Task.ts 的 7 种 TaskType 和这个正交：local_agent 跑在本地（默认或 worktree 模式）、remote_agent 跑在 CCR、in_process_teammate 跑在同进程。TaskType 描述是什么种类的任务，isolation 描述这个任务跑在哪。

Worktree 隔离：临时 git 分身

创建

源码 utils/worktree.ts 第 902 行 createAgentWorktree：

export async function createAgentWorktree(slug: string): Promise<{
  worktreePath: string
  worktreeBranch?: string
  headCommit?: string
  gitRoot?: string
  hookBased?: boolean
}> {
  validateWorktreeSlug(slug)

  // 1. 优先：hook-based 创建（支持非 git VCS 如 mercurial / sapling）
  if (hasWorktreeCreateHook()) {
    const hookResult = await executeWorktreeCreateHook(slug)
    return { worktreePath: hookResult.worktreePath, hookBased: true }
  }

  // 2. 回退：原生 git worktree
  const gitRoot = findCanonicalGitRoot(getCwd())
  if (!gitRoot) {
    throw new Error('Cannot create agent worktree: not in a git repository...')
  }
  const { worktreePath, worktreeBranch, headCommit, existed } =
    await getOrCreateWorktree(gitRoot, slug)
  // ...
}

几个源码级细节：

`findCanonicalGitRoot` —— 避免 worktree 套 worktree

注释（第 922-925 行）：

findCanonicalGitRoot (not findGitRoot) so agent worktrees always land in the main repo’s .claude/worktrees/ even when spawned from inside a session worktree — otherwise they nest at <worktree>/.claude/worktrees/ and the periodic cleanup (which scans the canonical root) never finds them.

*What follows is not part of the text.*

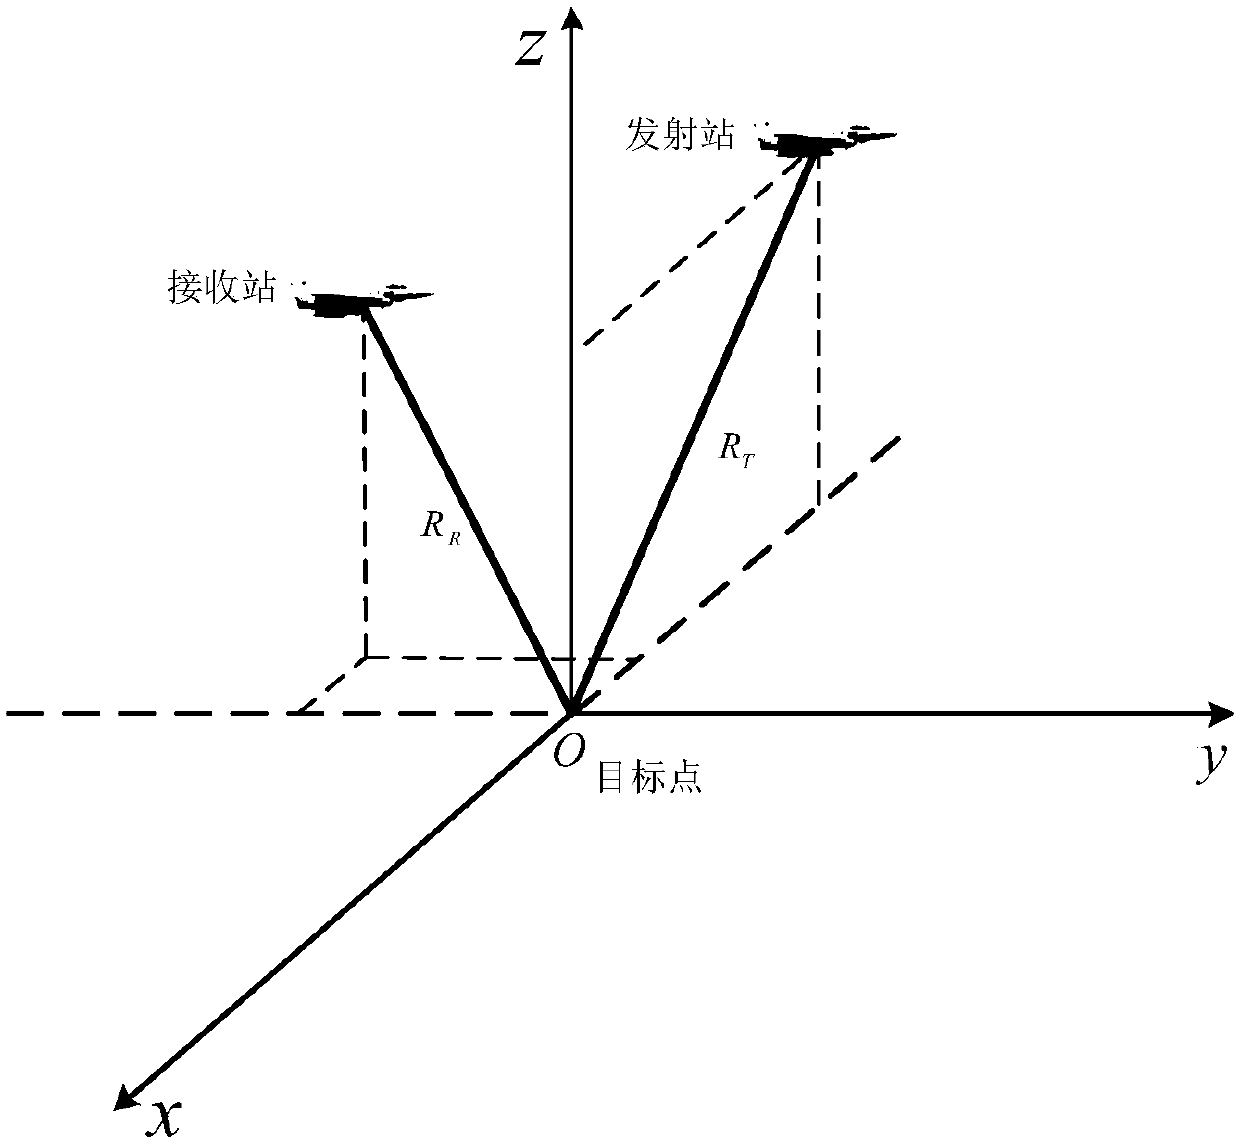 Bistatic synthetic aperture radar location error calculation method

意思：如果当前已经在一个 session worktree 里跑，再创建一个 subagent worktree 时必须回到主仓库根目录——否则 worktree 嵌套，后台 cleanup 就找不着。

这又是一个真实 production 跑出来的 bug fix，不是理论。

Slug 验证防 path traversal

源码第 48-49 行：

const VALID_WORKTREE_SLUG_SEGMENT = /^[a-zA-Z0-9._-]+$/
const MAX_WORKTREE_SLUG_LENGTH = 64

validateWorktreeSlug 拒绝：

../../target（上级目录 escape）
/absolute/path（绝对路径）
. / .. segment（单独的 dot）
超过 64 字符

注释解释为什么要这么严：join('.claude/worktrees/', slug) 在路径归一化之后，.. 能 escape 出 worktrees 目录。

给自研 agent 的启示：任何用户可控的字符串如果最终要拼成文件路径，必须做严格白名单验证——不是 escape 或 sanitize，是只接受明确安全的字符集。

Hook-based 回退：支持非 git VCS

hasWorktreeCreateHook() 返回 true 时走 hook 路径——让用户用 WorktreeCreate / WorktreeRemove hook 接入任何 VCS（mercurial / sapling / perforce）。回来的 path 被当作”像 worktree 一样的隔离目录”。

这是一种协议式扩展：Claude Code 不深度绑定 git，而是定义了”一个 worktree 应该做什么”的接口，用户补上实现细节。

Bwrap ghost dotfile 清理

utils/Shell.ts 第 386 行：

On Linux, bwrap creates 0-byte mount-point files on the host to deny access to paths inside the sandbox; when bwrap exits as ghost dotfiles in cwd. Cleanup is synchronous and a no-op on non-Linux.

跑 Linux 时 bwrap 会在 cwd 创建 0 字节的 “mount-point” 文件用于拒绝访问——bwrap 退出后这些文件变成 “ghost dotfiles” 留在 cwd。Claude Code 专门写了同步清理代码。

细节多到这个程度，说明生产环境的 “沙箱运行” 绝非简单的 exec() 调用——每一类沙箱都有自己的泄漏 / 清理 / edge case。

清理周期

Worktree 有periodic cleanup：扫 .claude/worktrees/ 下 30 天没动过的 worktree 删掉。实现细节里有一个 reuse 路径：

Bump mtime so the periodic stale-worktree cleanup doesn’t consider this worktree stale — the fast-resume path is read-only and leaves the original creation-time mtime intact, which can be past the 30-day cutoff.

快速 resume 路径只读，不会更新 mtime——如果不显式 bump，resume 过一个老 worktree 后下次 cleanup 就把它删了。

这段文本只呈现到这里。